The effort, however, is infused with election-year politics and was rejected by the White House, which believes it to be wasteful and unproductive.

The still-emerging Democratic plan would pile more than $50 billion worth of new spending on roads, heating subsidies, aid to state governments and a further extension of unemployment benefits onto a deficit for next year that is already likely to near $500 billion. Loan guarantees for the troubled auto industry are also on the table.

"I would be surprised to see a package that would be less than, you know, $50 billion to $75 billion," said Sen. Charles Schumer, D-N.Y.

Unlike a collaborative effort early this year to enact tax rebates for consumers and tax breaks for business, there's been virtually no good-faith negotiation between Democrats controlling Congress and the White House over the contours of a possible compromise.

Instead, the Democratic effort appears aimed in large part in casting Republicans — and GOP presidential nominee John McCain — as out of touch on the economy.

"Middle class families are not fools. They know that the economy is not strong," Schumer said. "But apparently the president, his Republican allies in Congress, and John McCain do not."

At the same time, new deficit and economic estimates released by the Congressional Budget Office on Tuesday brought fresh evidence of the nation's worsening fiscal picture and predictions of an economy that could slide into recession.
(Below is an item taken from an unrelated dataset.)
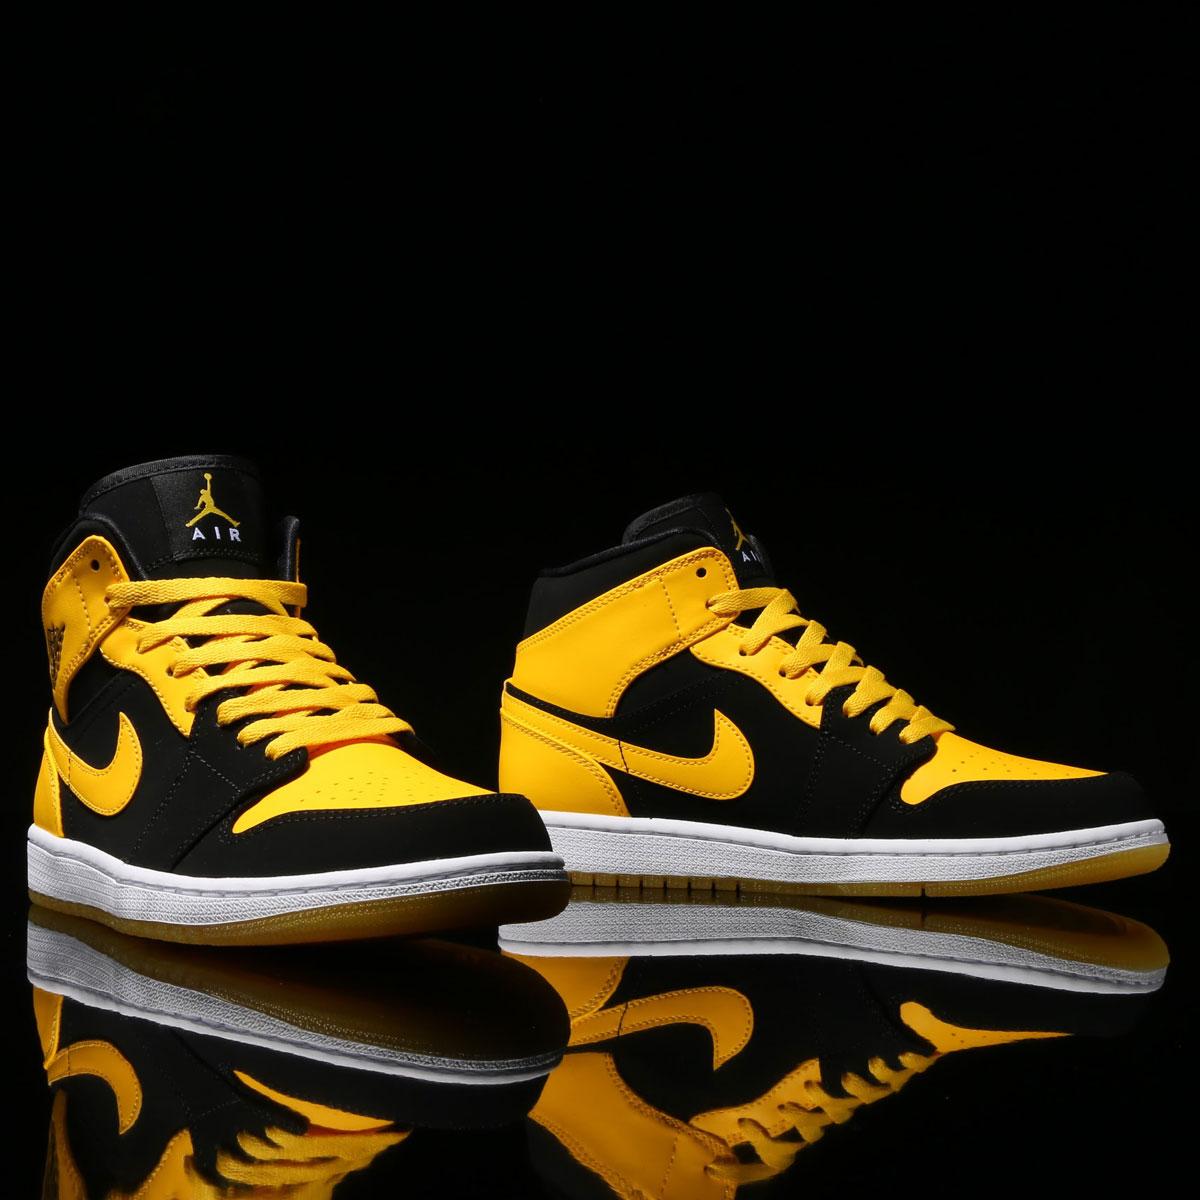 969f9d1876dd NIKE AIR JORDAN 1 MID (Nike Air Jordan 1 mid) BLACK VARSITY MAIZE-WHITE  17SU-S

The federal government will run a near-record deficit of $407 billion this year, CBO said, with the deficit for 2009 reaching $438 billion — and could go even higher as the government takes over mortgage giants Fannie Mae and Freddie Mac and if Congress, as expected, devotes more than $60 billion to fix the alternative minimum tax to make sure more and more middle class families aren't hit by it.

The worsening deficit is largely due to continuing weakness in the economy, high energy and food prices, and the slump in the housing and financial markets, CBO said. And the economy could still slide into a recession, according to the forecast.

"The economy is likely to experience at least several more months of very slow growth," the CBO report said. "Whether this period will ultimately be designated a recession or not is still uncertain, but the increase in the unemployment rate and the pace of economic growth are similar to conditions during previous periods of mild recession."

The CBO predicts that the economy will grow 1.5 percent this year in real terms and slip to just 1.1 percent growth in 2009.

CBO's gloomy outlook was seconded by Harvard University economist Lawrence Summers and Allen Sinai, chief economist for Decision Economics, Inc., in testimony before the House Budget Committee.

"The state of the U.S. economy is a recession or recession-like conditions," Sinai said, adding that boosts in inflation could herald the return of the so-called stagflation experienced in the late-1970s and early 1980s.

Summers, a former secretary of Treasury in the Clinton administration, backed the idea of a second stimulus bill following the outlines proposed by Democratic leaders: aid to states; home heating subsidies; food stamps; infrastructure projects and unemployment benefits.

In all likelihood, Summers said, the U.S. economy is "a year or so away from a resumption of strong economic growth."

The White House and congressional Republicans are resisting the idea of a new stimulus bill and instead want other legislation, including an energy bill that would open the Outer continental shelf to oil and gas drilling and free trade agreements with Panama, Colombia and South Korea, to help the economy.

"We're not talking about a stimulus package," White House Press Secretary Dana Perino told reporters.

It's not clear that Democrats will even be able to pass a stimulus bill. Moderate "Blue Dog" Democrats recoiled at the new deficit figures and have vowed that any new steps to stimulate the economy must not add to the red ink.

Beyond the bleak short-term prospects for the Democrats' stimulus bill, the new deficit numbers promise to force the next president, whether it's Democrat Barack Obama or GOP nominee John McCain, to scale back agenda items like new tax cuts.

The agency's latest estimate of total appropriations since 2001 to fight terrorism and for operations in Iraq and Afghanistan is $858 billion.